Magneet versus technologische hoogstand
Plaats een reactieAls lid van de richtlijncommissie ICD & levenseinde wil ik reageren op het Praktijkperikel over de man die op zijn sterfbed nog vele stroomstoten van zijn ICD moet verwerken (MC 3/2013: 155). Deze casus onderstreept het belang van de richtlijn, die ieder moment het levenslicht kan zien, en waarin wordt betoogd om het beleid ten aanzien van de ICD met regelmaat te herzien en daarbij niet alleen naar de cardiologisch aspecten te kijken, maar ook naar comorbiditeit en wensen van de patiënt. Dat gesprekken hierover lastig zijn en nog niet overal gebruikelijk zijn, is een feit. Hopelijk helpen de documenten ‘Tijdig bespreekbaar maken van het levenseinde’, die de KNMG in samenwerking met ouderenbonden en NPCF heeft opgesteld. Ook het verschijnen van de richtlijn reanimatie bij kwetsbare ouderen (Verenso) later dit jaar zal hopelijk bijdragen aan het op de kaart zetten van advance care planning.

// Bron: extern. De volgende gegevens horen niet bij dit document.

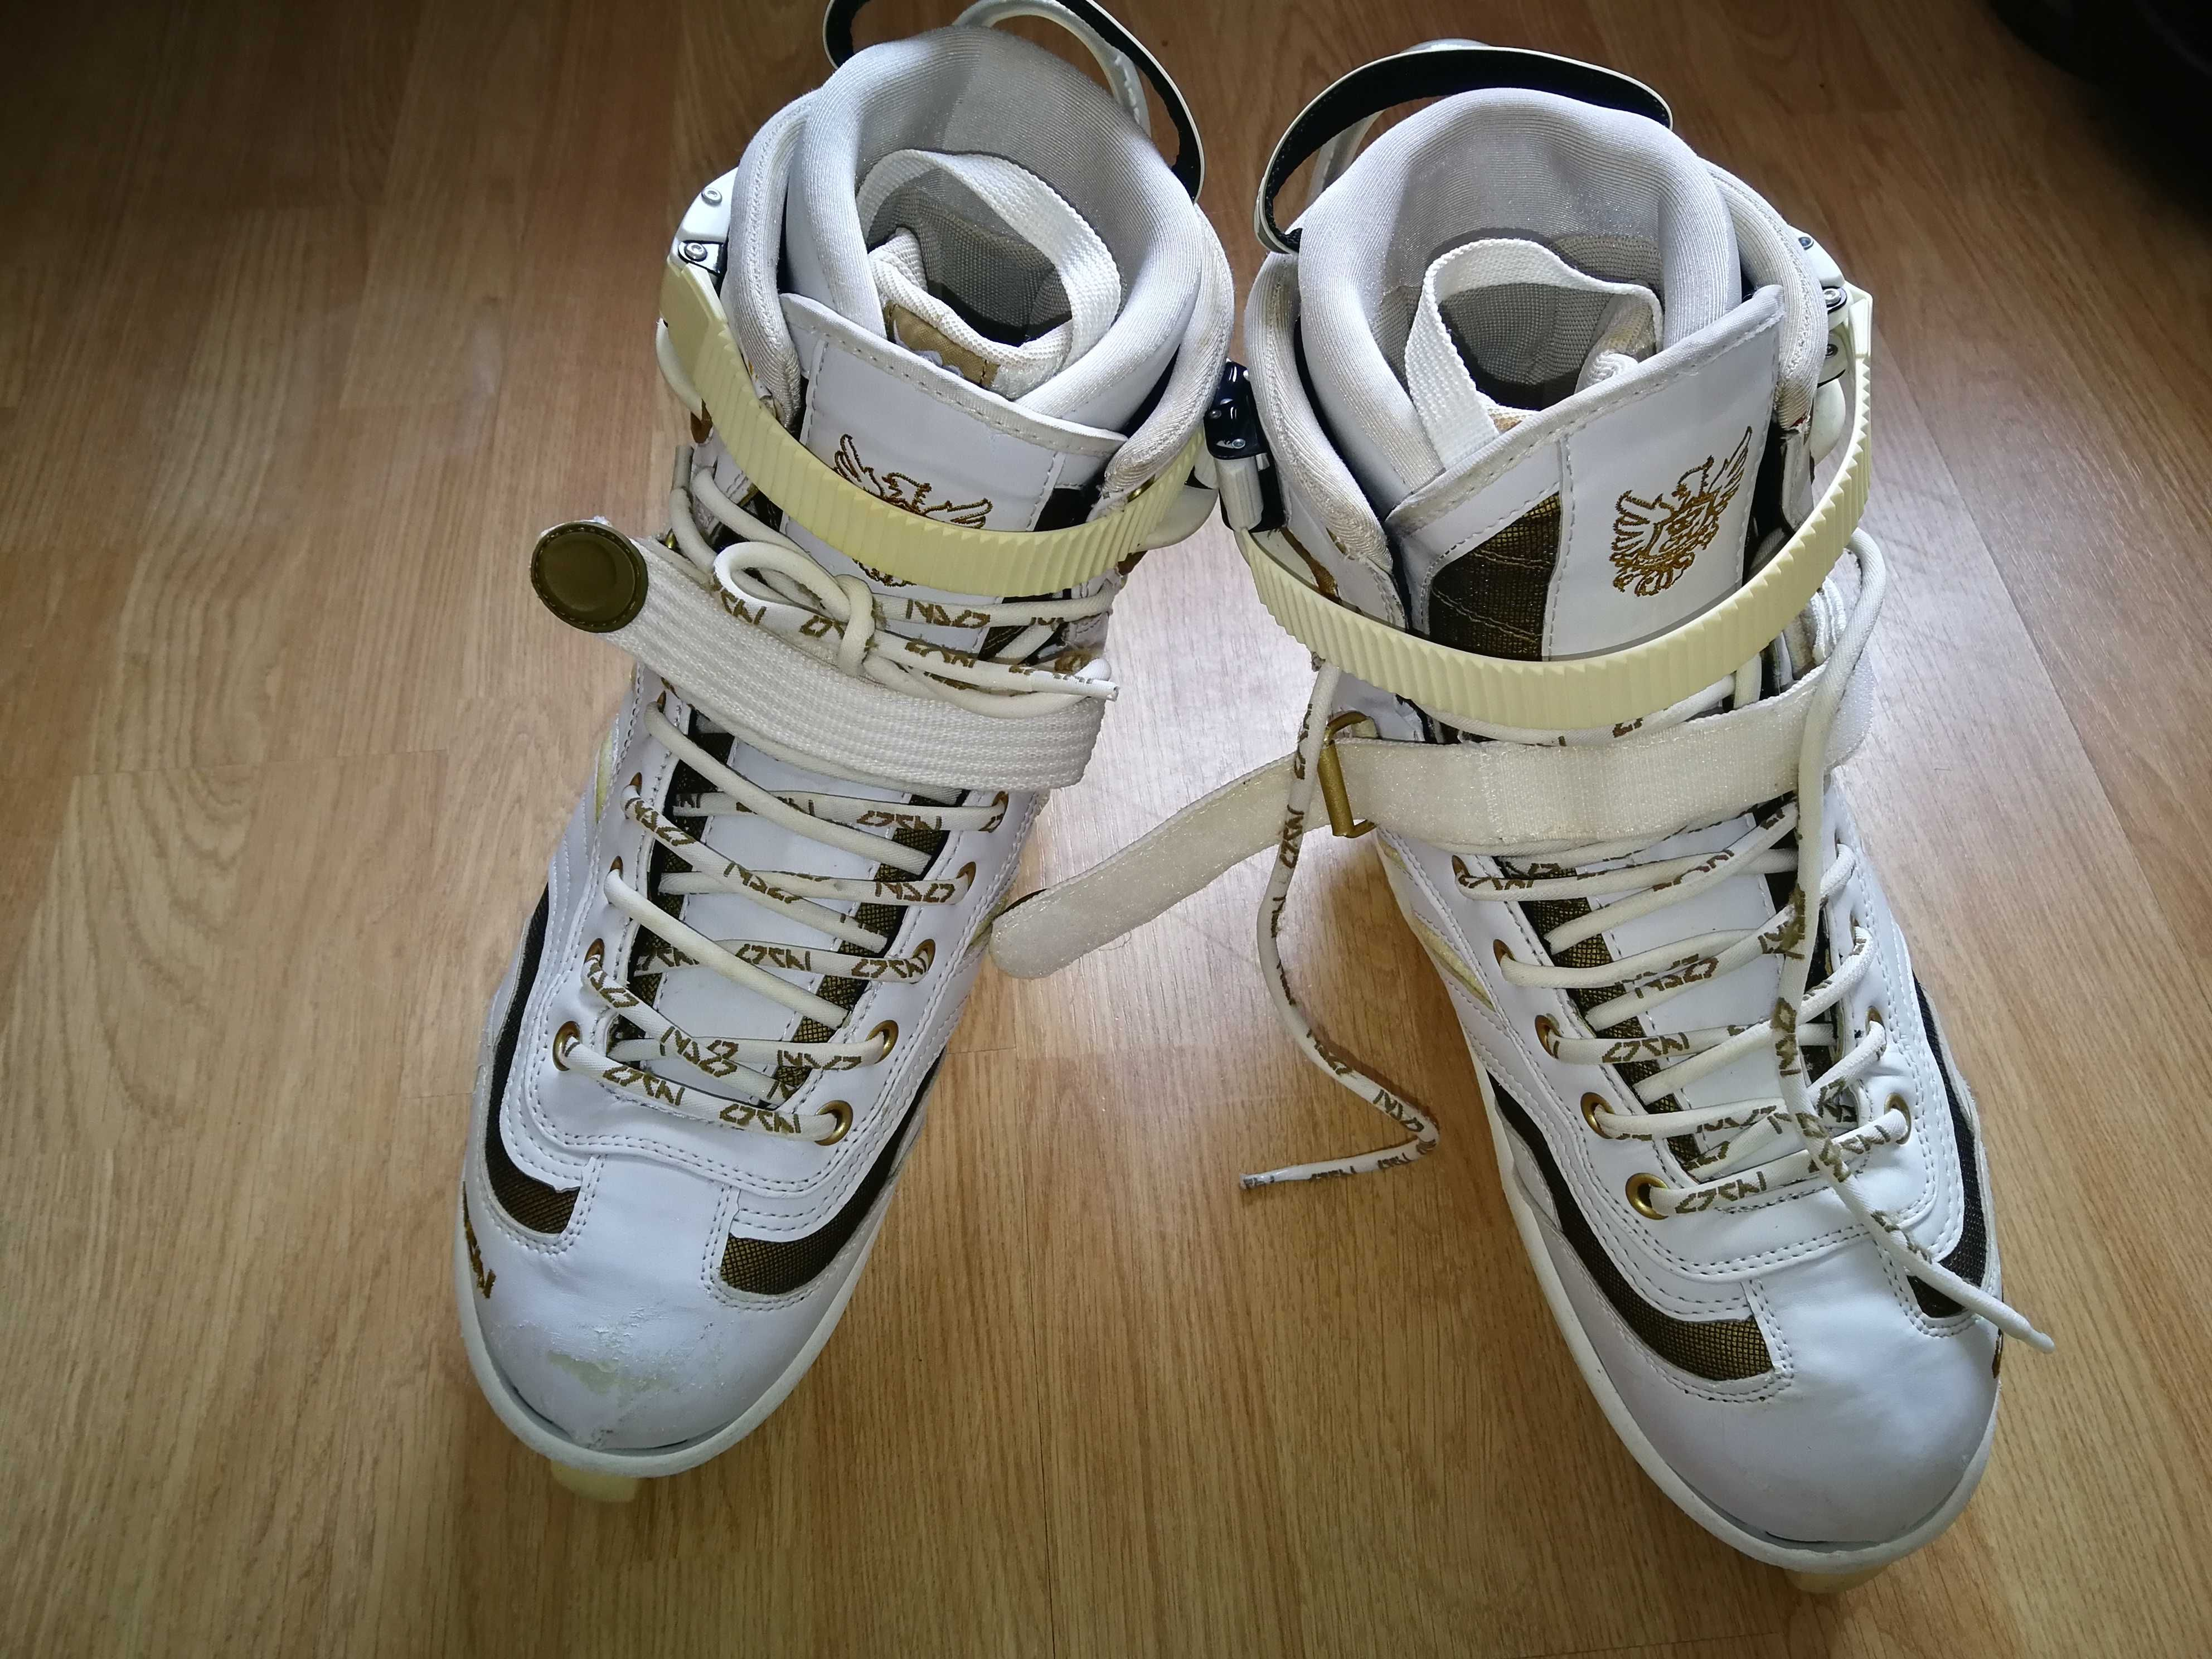 Ролери, кънки Razors / Аggressive skates. Номер 44 - 43

In de richtlijn ligt de focus op het tijdig anticiperen – het liefst als patiënt nog mobiel is – en in het ziekenhuis de shockfunctie van de ICD uitzetten. De magneet is slechts bedoeld voor noodgevallen. Door met z’n allen alert te zijn en transmuraal samen te werken, kunnen we zorgdragen voor passende medische zorg tot de dood. Niet primair ingegeven door de kosten, maar vanuit oog voor kwaliteit van leven en kwaliteit van sterven.
Daarnaast wordt ook het beleid voor de diverse pacemakers beschreven. Pacemakers hebben geen shockfunctie en deze hoeft dus niet gedeactiveerd te worden door een magneet.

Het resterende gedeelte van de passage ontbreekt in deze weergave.